**Material for this exercise**
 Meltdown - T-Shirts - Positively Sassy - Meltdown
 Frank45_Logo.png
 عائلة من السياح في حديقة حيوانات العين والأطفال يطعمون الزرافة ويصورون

==

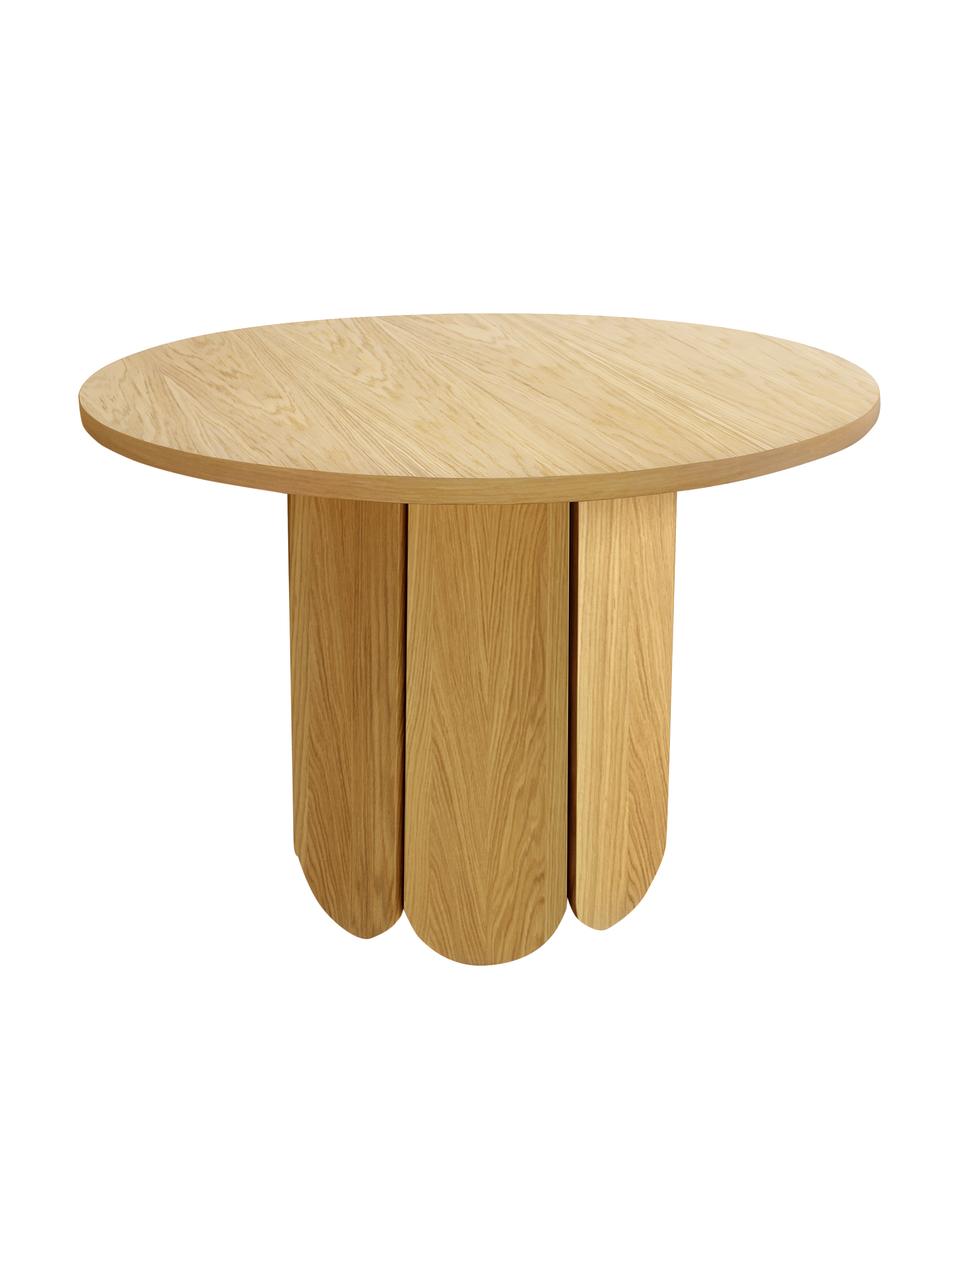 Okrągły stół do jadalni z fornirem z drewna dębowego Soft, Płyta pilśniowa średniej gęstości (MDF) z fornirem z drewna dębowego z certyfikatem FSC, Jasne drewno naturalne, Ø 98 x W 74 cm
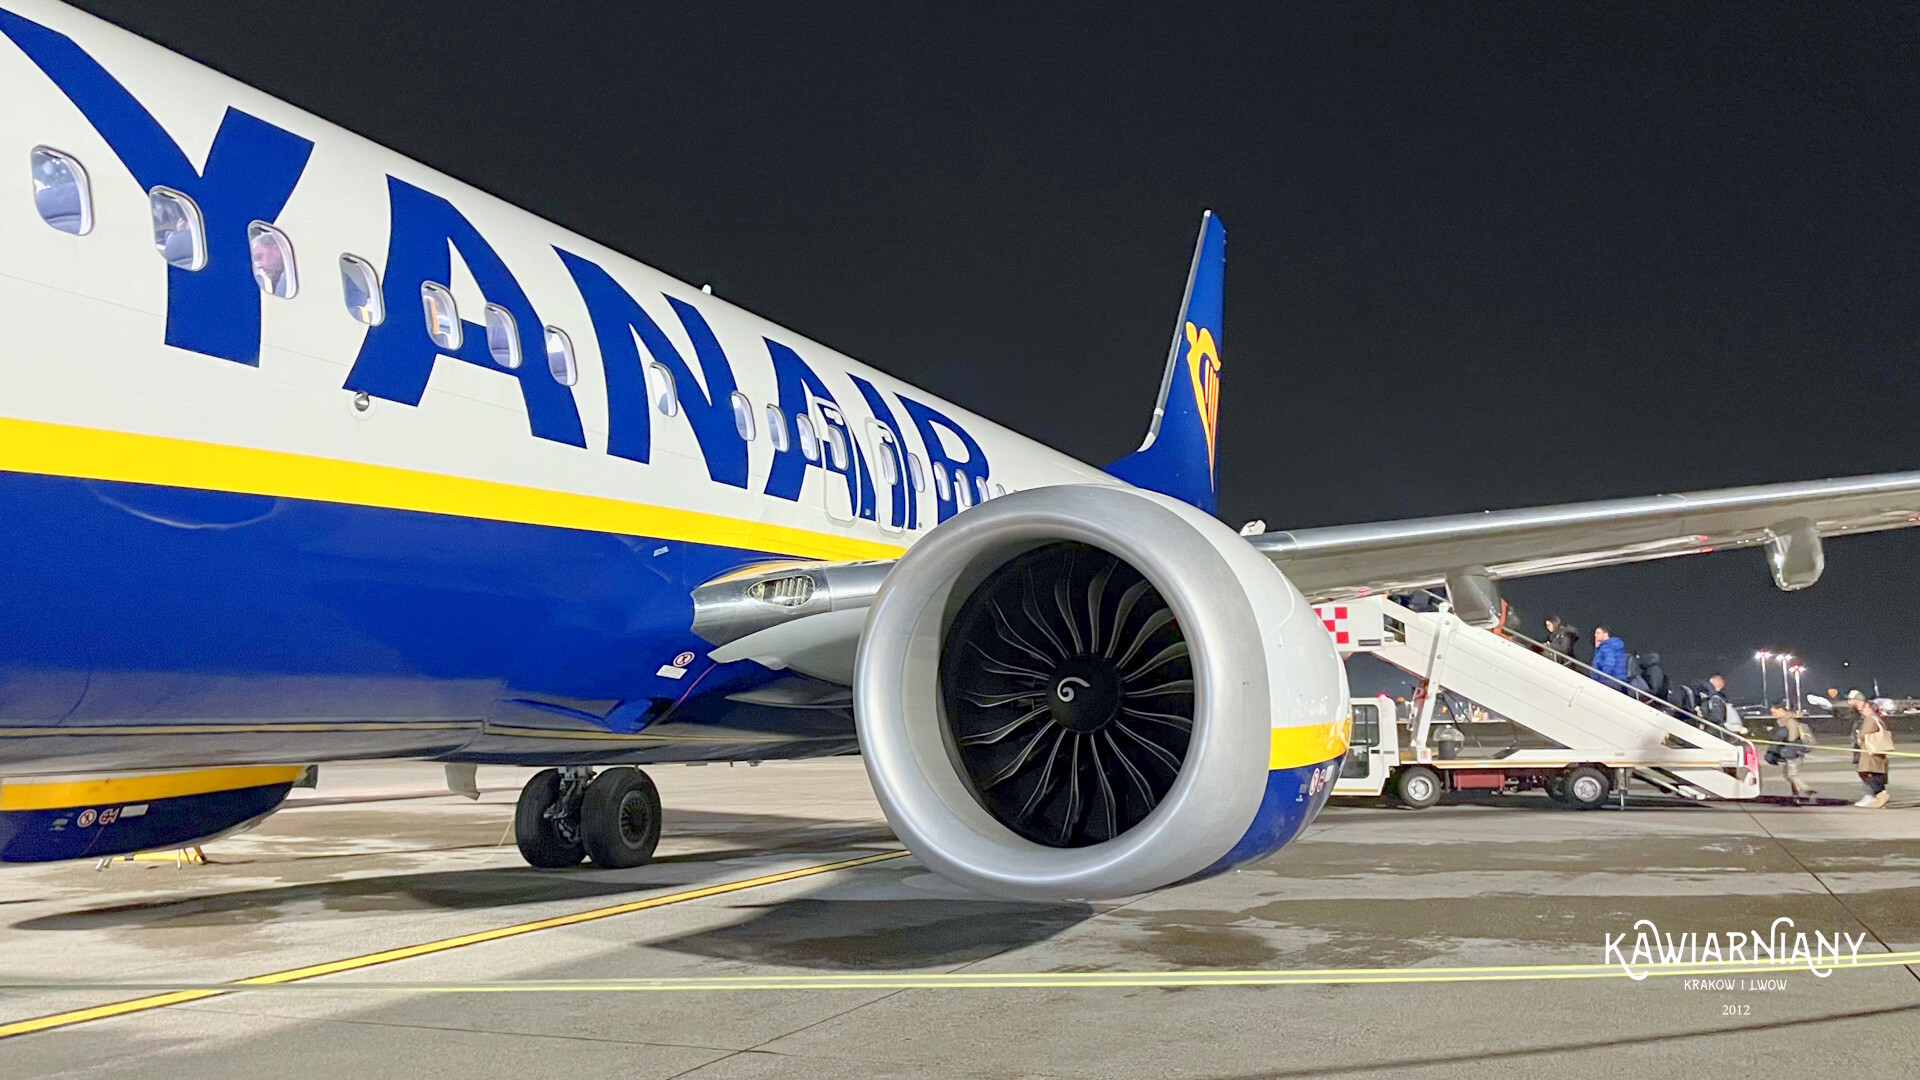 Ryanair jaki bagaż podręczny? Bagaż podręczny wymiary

**What is expected**
Find the line with "Meltdown - T-Shirts" in the entries above. Retype it and each line after it, exactly, through the line with "عائلة من السياح", and stop there.

**Expected answer**
 Meltdown - T-Shirts - Positively Sassy - Meltdown
 Frank45_Logo.png
 عائلة من السياح في حديقة حيوانات العين والأطفال يطعمون الزرافة ويصورون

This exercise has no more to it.